§ **What is required**
Word for word, the data below must be repeated in full; no picture is to be included.

*** Supplied data ***

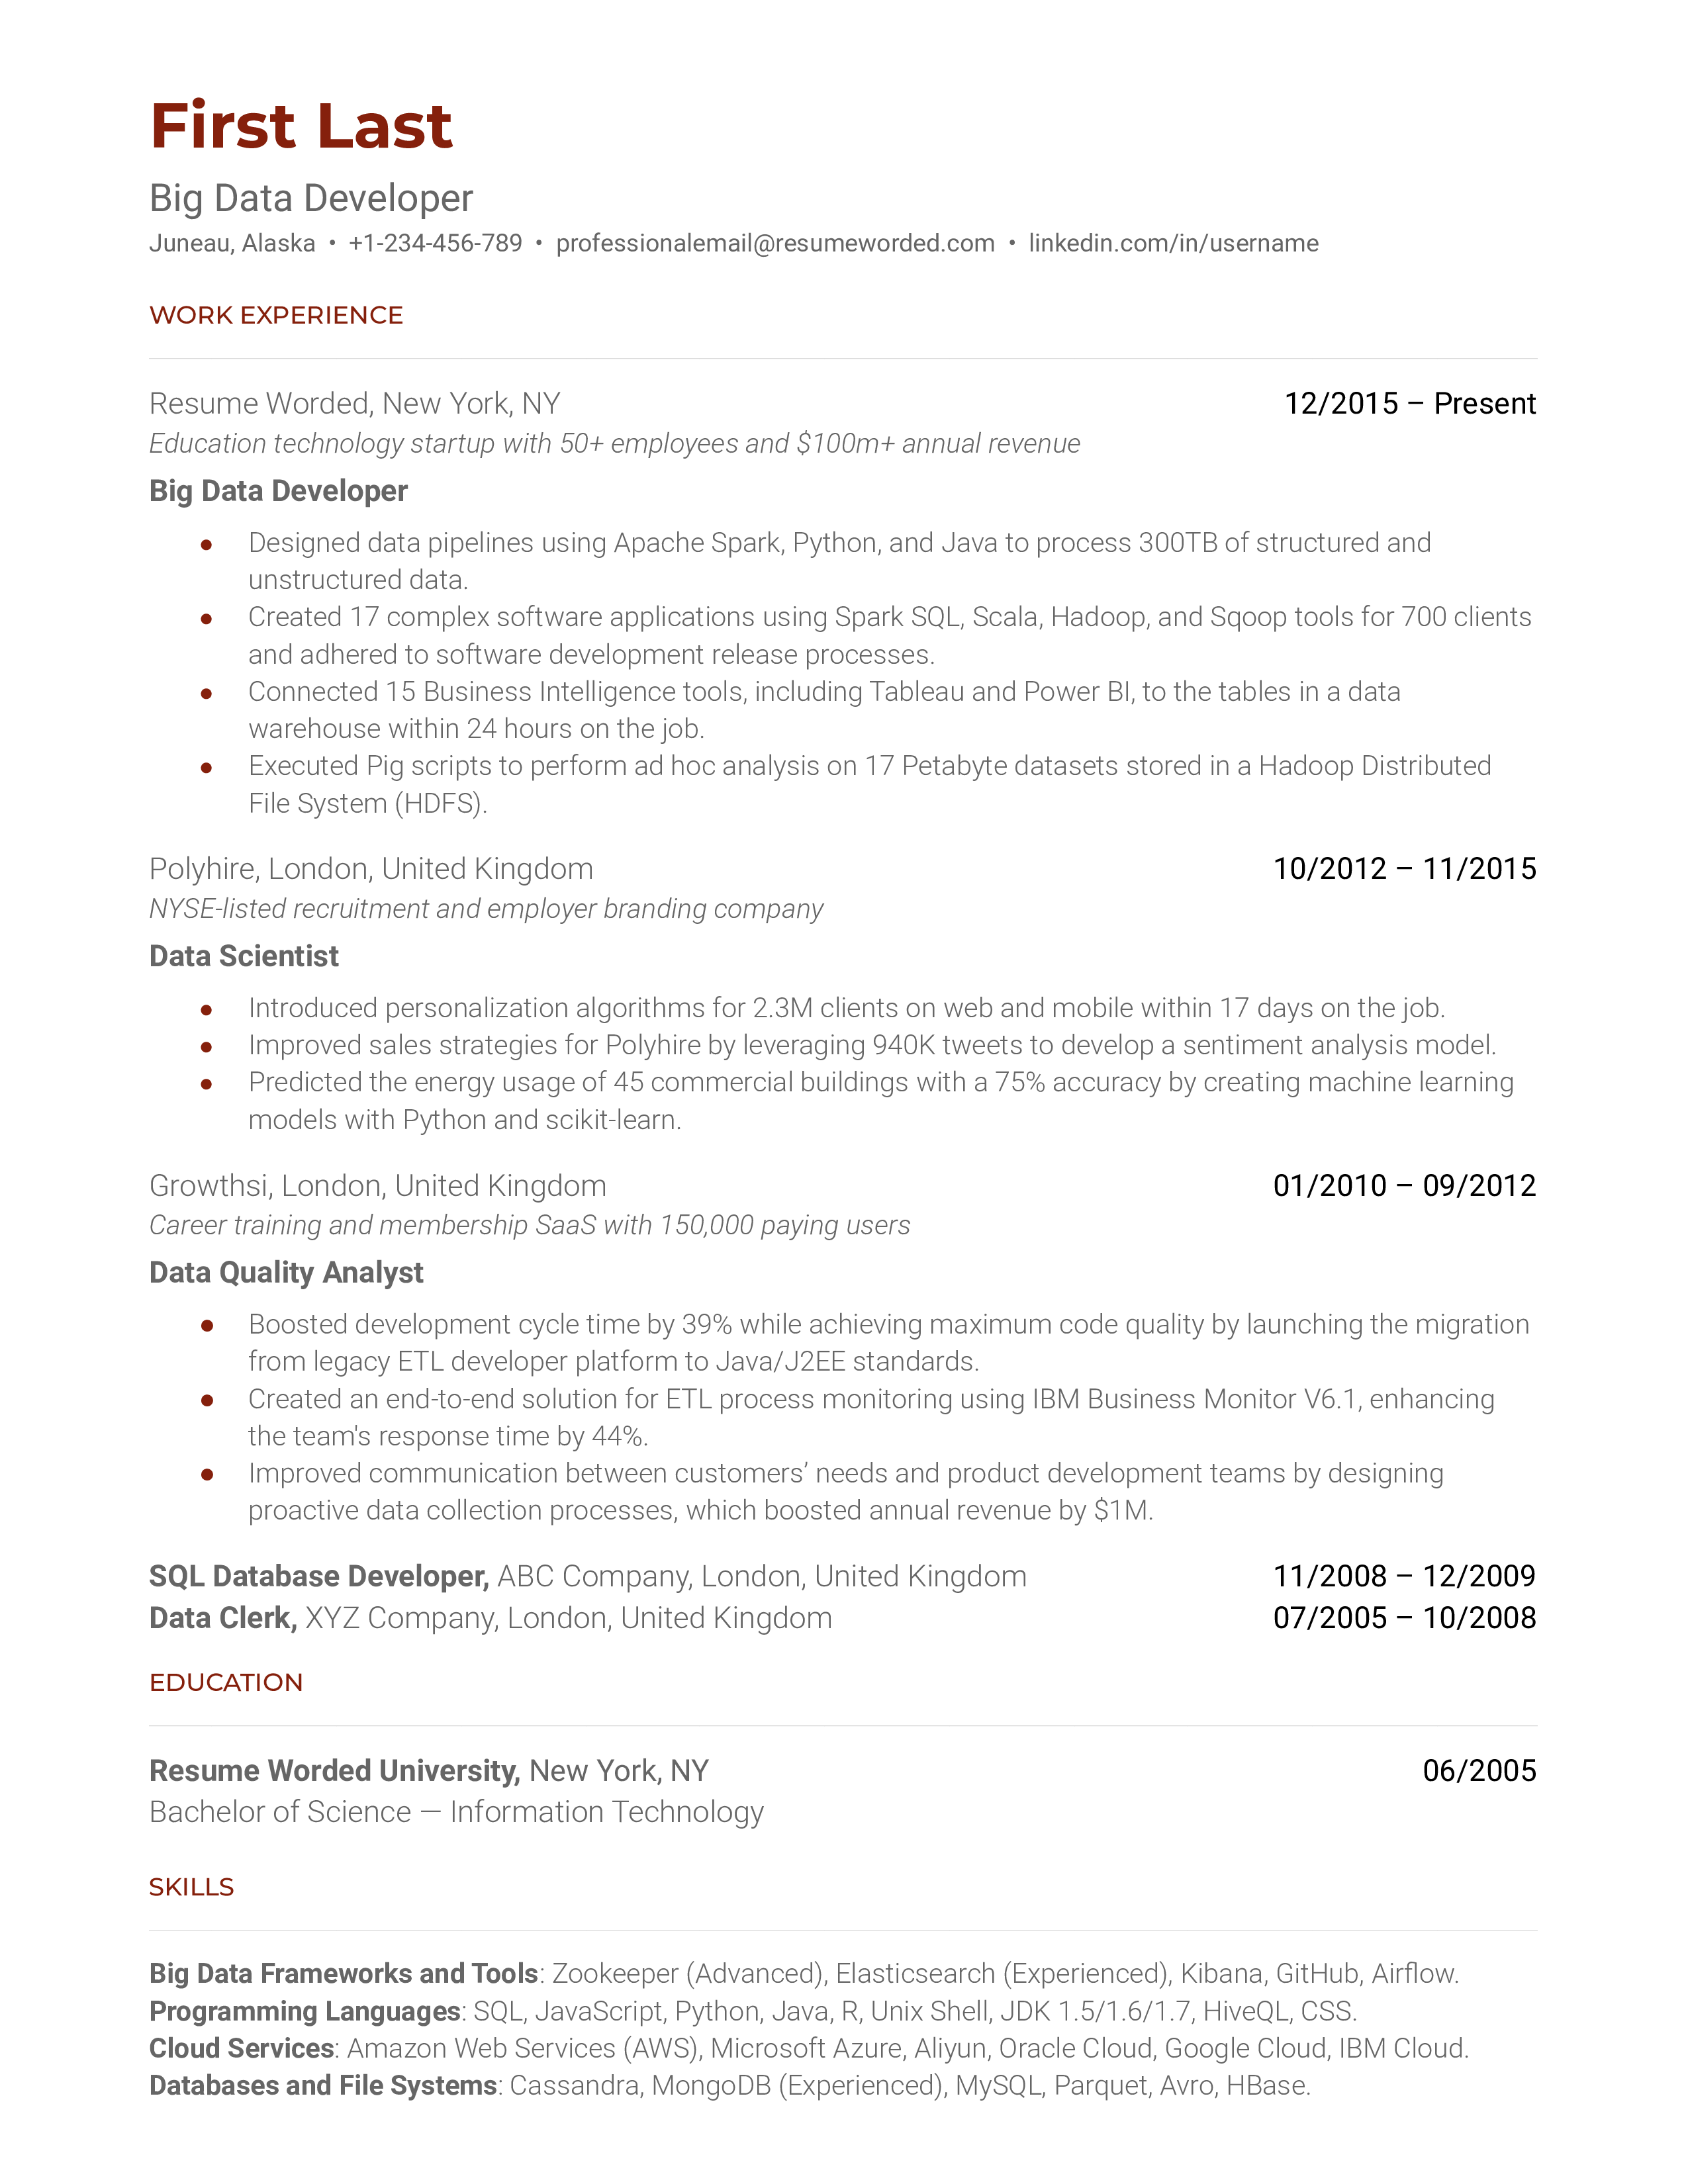 A big data developer resume template that highlights professional experience
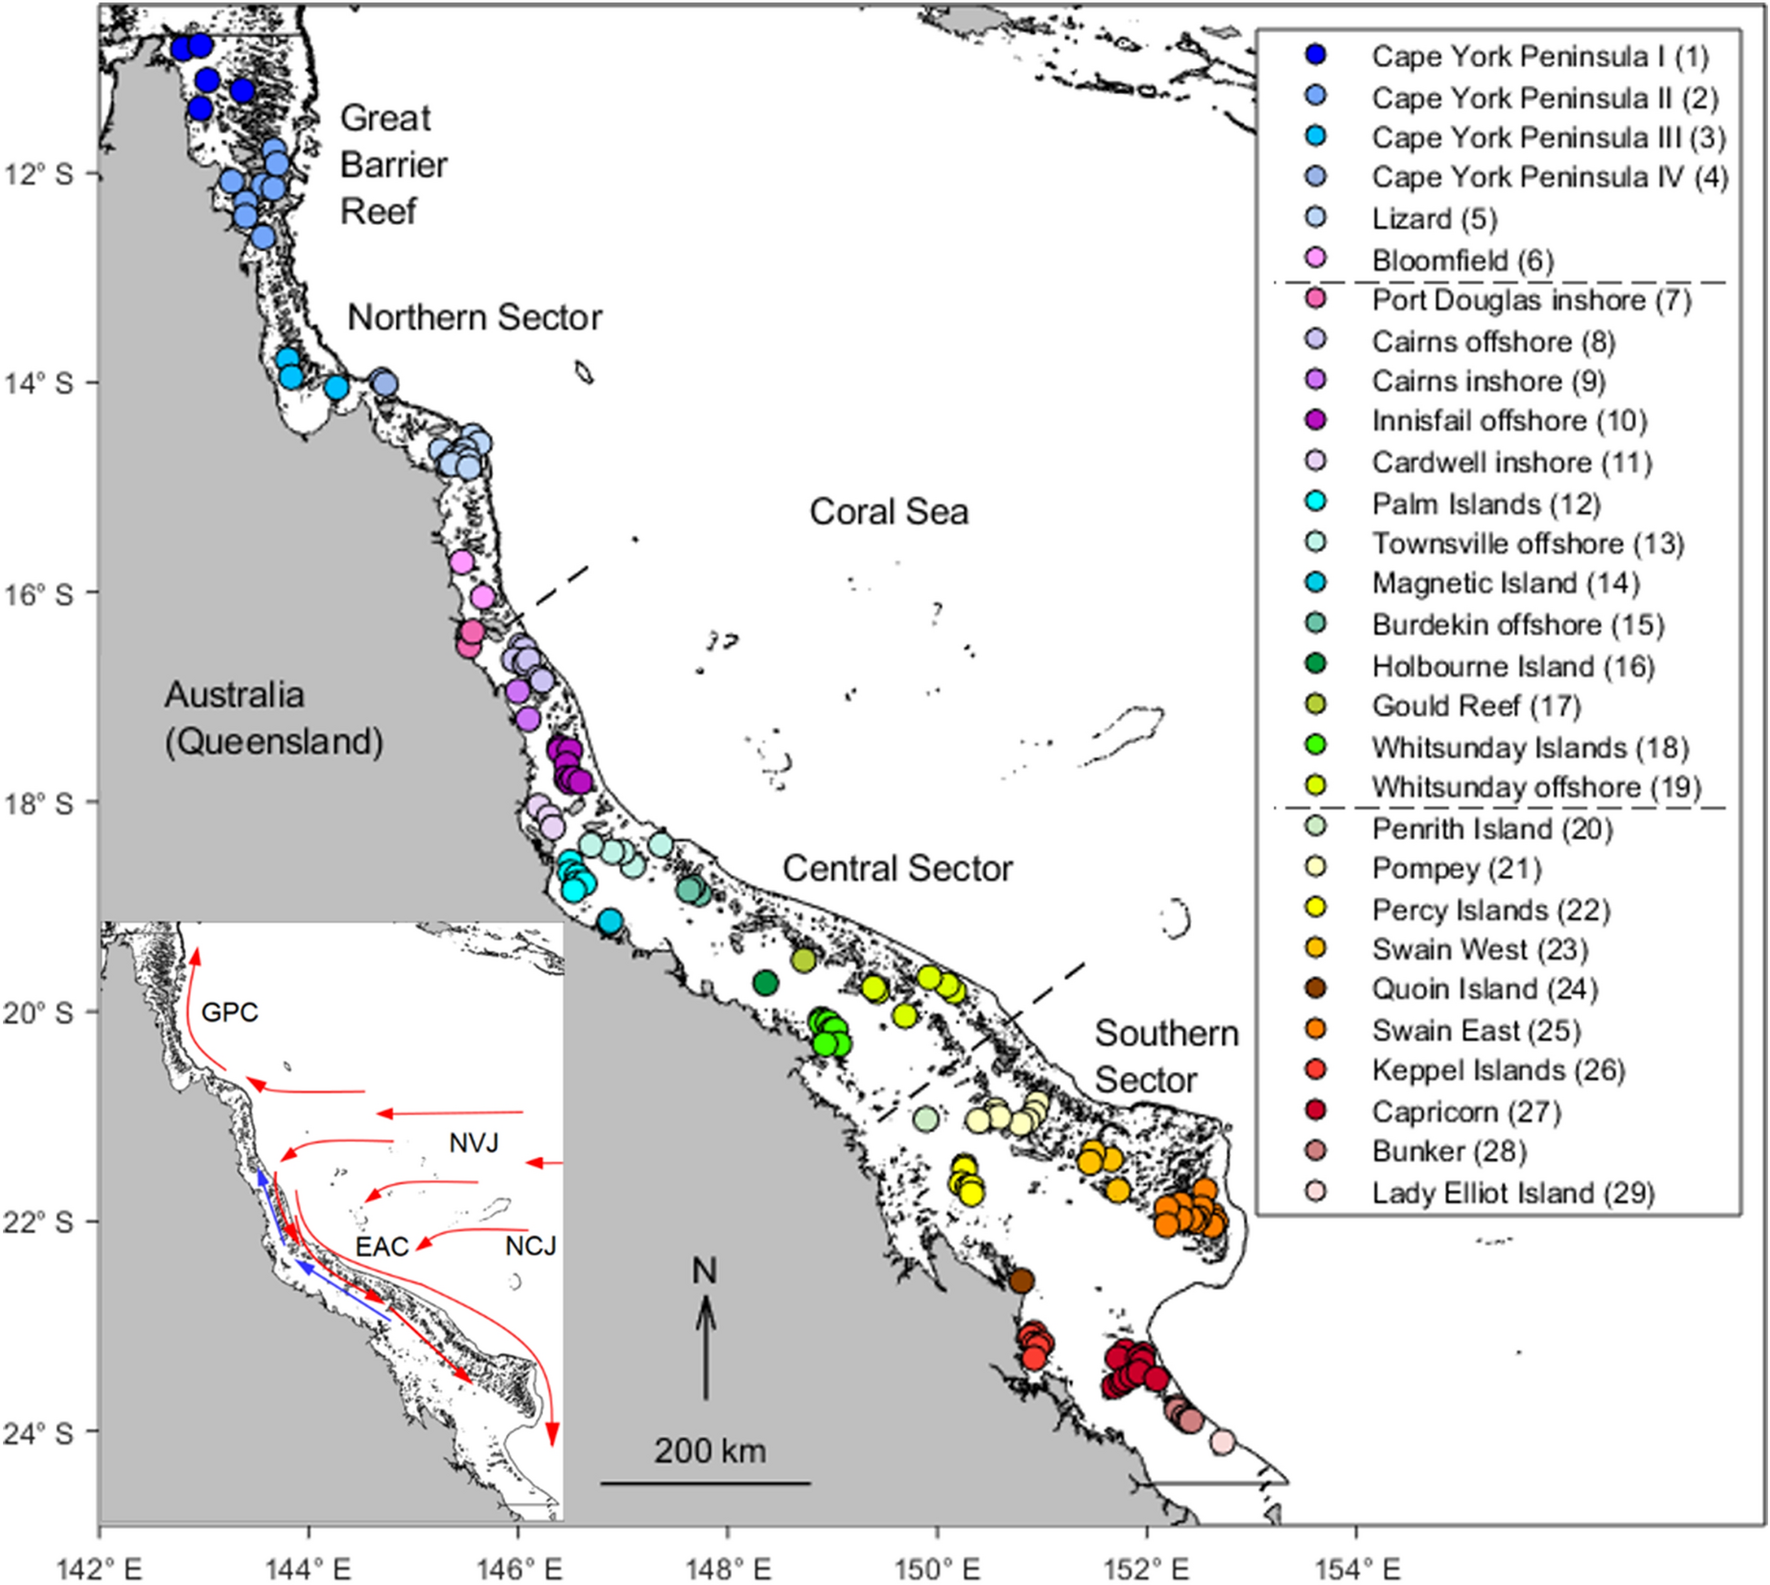 The El Niño Southern Oscillation drives multidirectional inter-reef larval  connectivity in the Great Barrier Reef | Scientific Reports
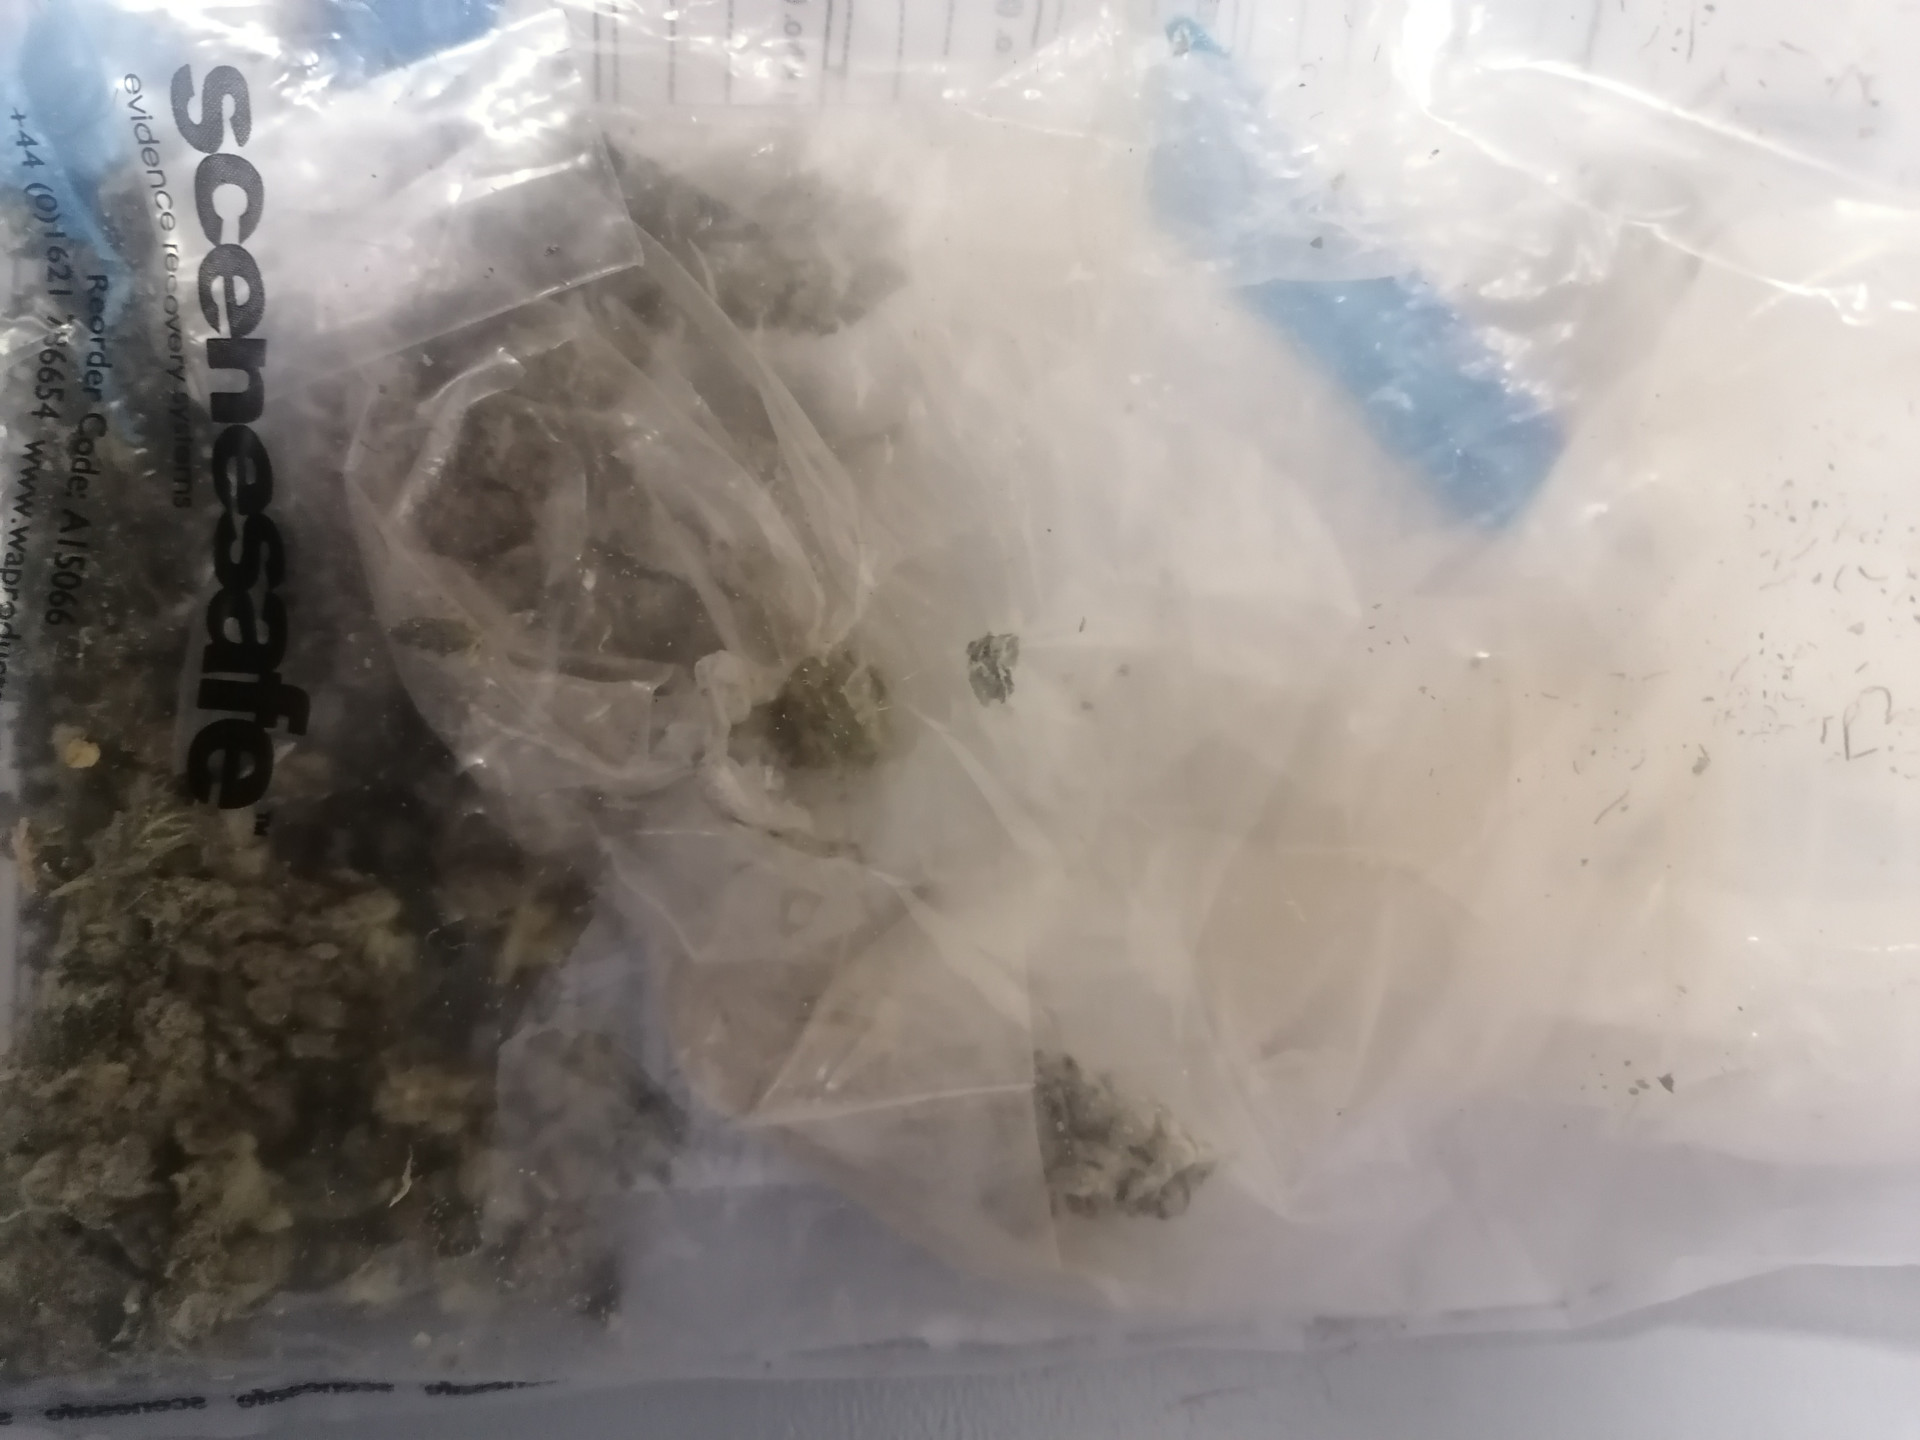 Police seize suspected class B drugs in Strabane

*** End of Supplied data ***

§ **Solution to the problem**
 A big data developer resume template that highlights professional experience
 The El Niño Southern Oscillation drives multidirectional inter-reef larval  connectivity in the Great Barrier Reef | Scientific Reports
 Police seize suspected class B drugs in Strabane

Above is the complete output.